The David Hanaford Farmstead is a historic farm in Monticello Township, Minnesota, United States. It was first settled in 1855 and features a farmhouse built in 1870 and a barn from around the same time. The farmstead was listed on the National Register of Historic Places in 1979 for its local significance in the themes of agriculture and exploration/settlement. It was nominated for being "an excellent example of an early Wright County farmstead developed by a pioneer family from New England."

==Description==
When it was nominated to the National Register in 1979, the farmstead consisted of seven standing buildings, a building ruin, and the sites of four former buildings or structures. As of 2016, several of the supporting buildings have been demolished. As originally listed as a historic district, the 8.9 acre property consisted of a farmhouse, barn, granary, brooding house, machine shed, outhouse, and corn crib, plus the ruins of a tool barn and the traces of a log cabin, water well, silo, and windmill.

The 1870 farmhouse is a two-story, cubic building with a timber frame and red brick walls. It was designed in the Federal architecture style.
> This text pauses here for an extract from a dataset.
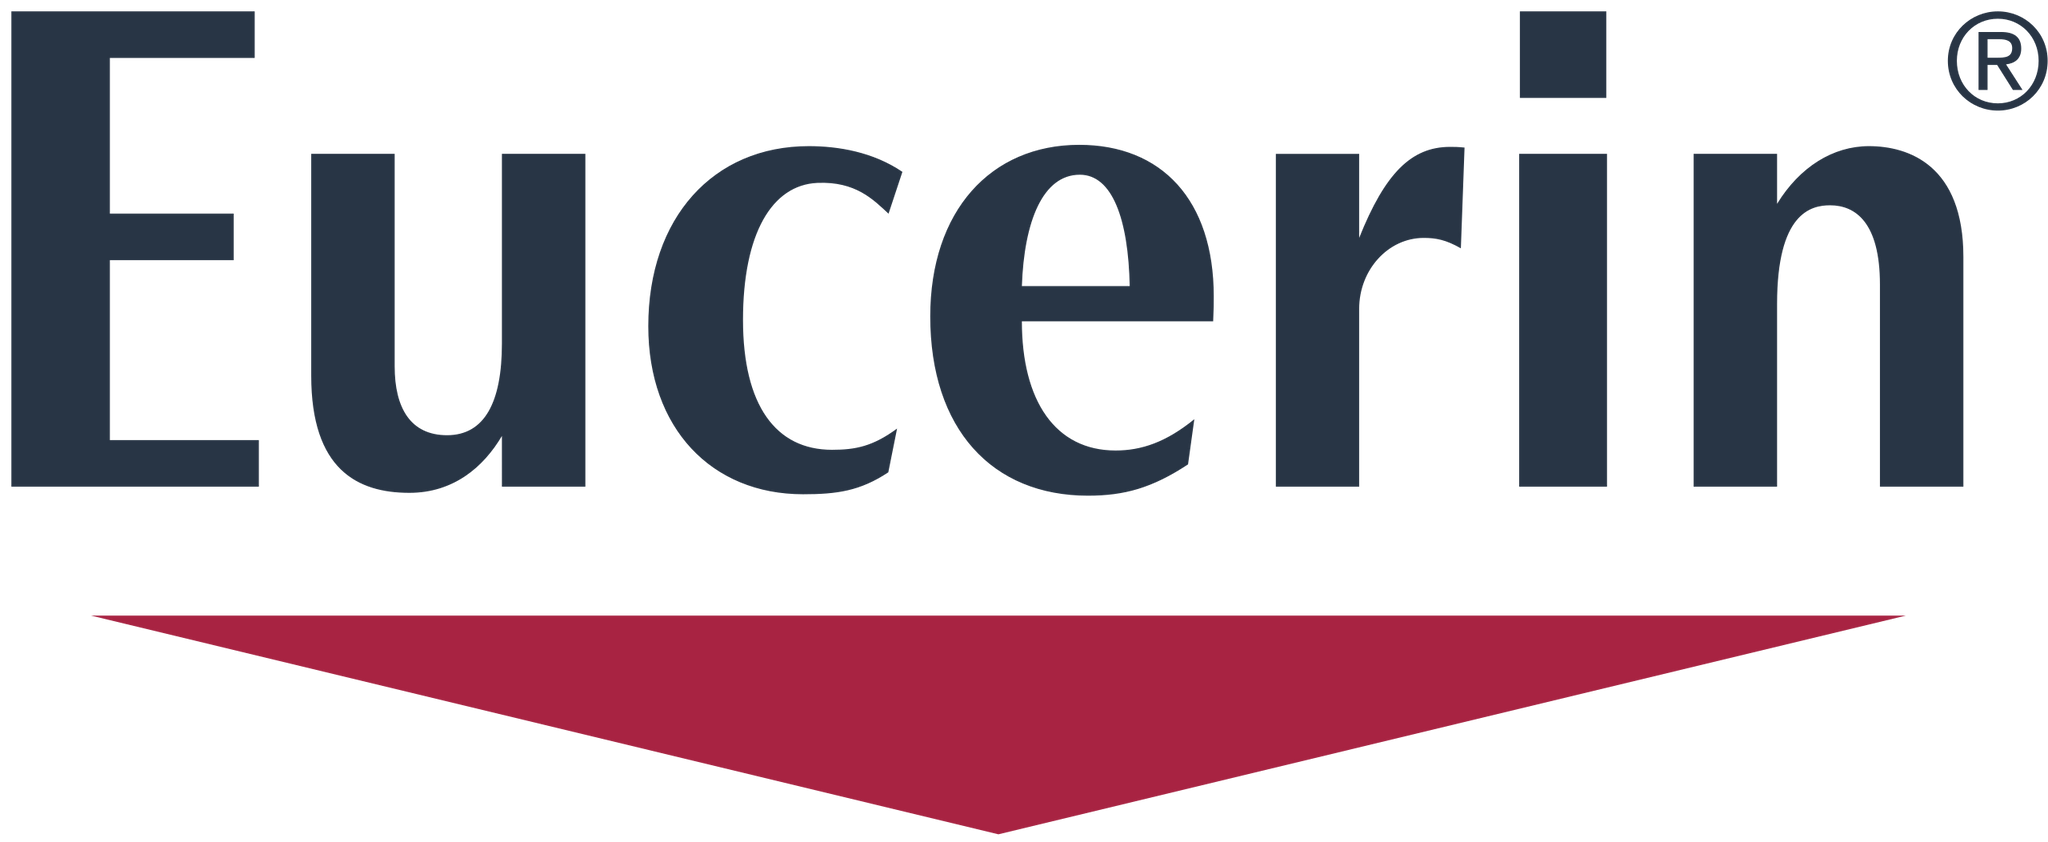 Eucerin_logo

It is topped with a hip roof and has a one-story frame wing at the rear which was built at the same time as the house. The barn, also contemporaneous to the house, measures 50 by 30 ft and rises two stories. It has a mortise and tenon timber frame sheathed in vertical boards and covered in shiplap siding. The sliding double doors are topped with a multi-pane transom window. The barn has a gable roof and a wood-frame shed attached to the south end.
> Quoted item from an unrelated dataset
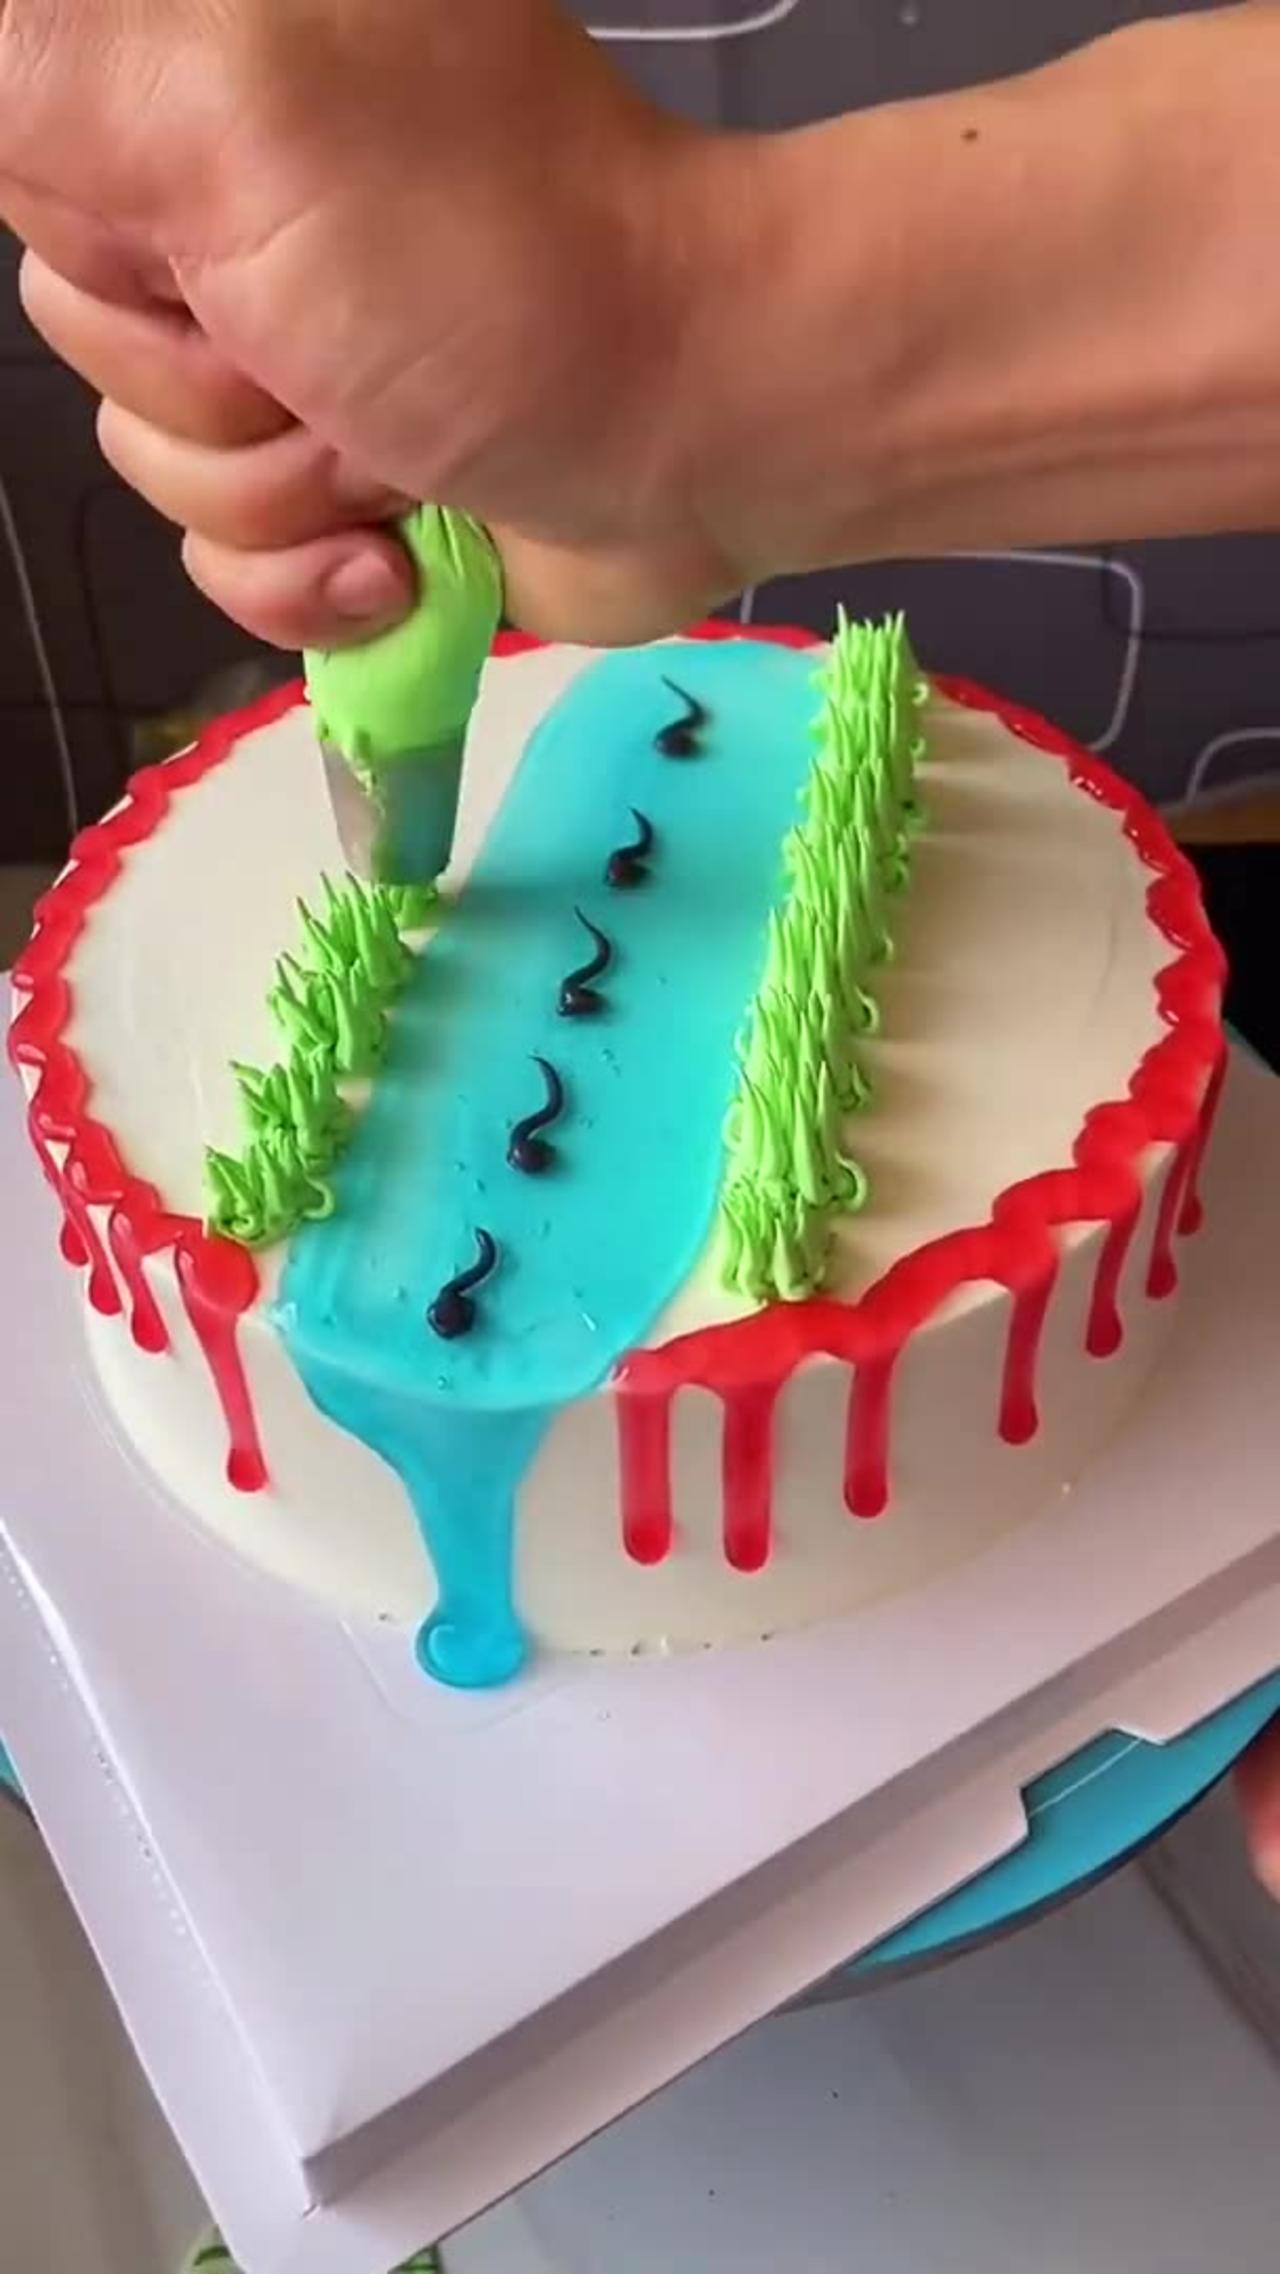 Amazing Food Making Cake

The other five farm buildings, extant in 1979 but no longer in evidence, were built sometime between 1870 and the early 20th century. All were wood-framed and most had clapboard siding. The granary measured 16 by 18 ft and rose one and a half stories. The brooding house measured 10 × 10 ft, the machine shed 30 × 15 ft, the outhouse 4 × 4 ft, and the corn crib 10 × 15 ft. Also visible in 1979 were the depressions left by the Hanafords' original log cabin and well, plus the foundations of a silo and windmill near the barn.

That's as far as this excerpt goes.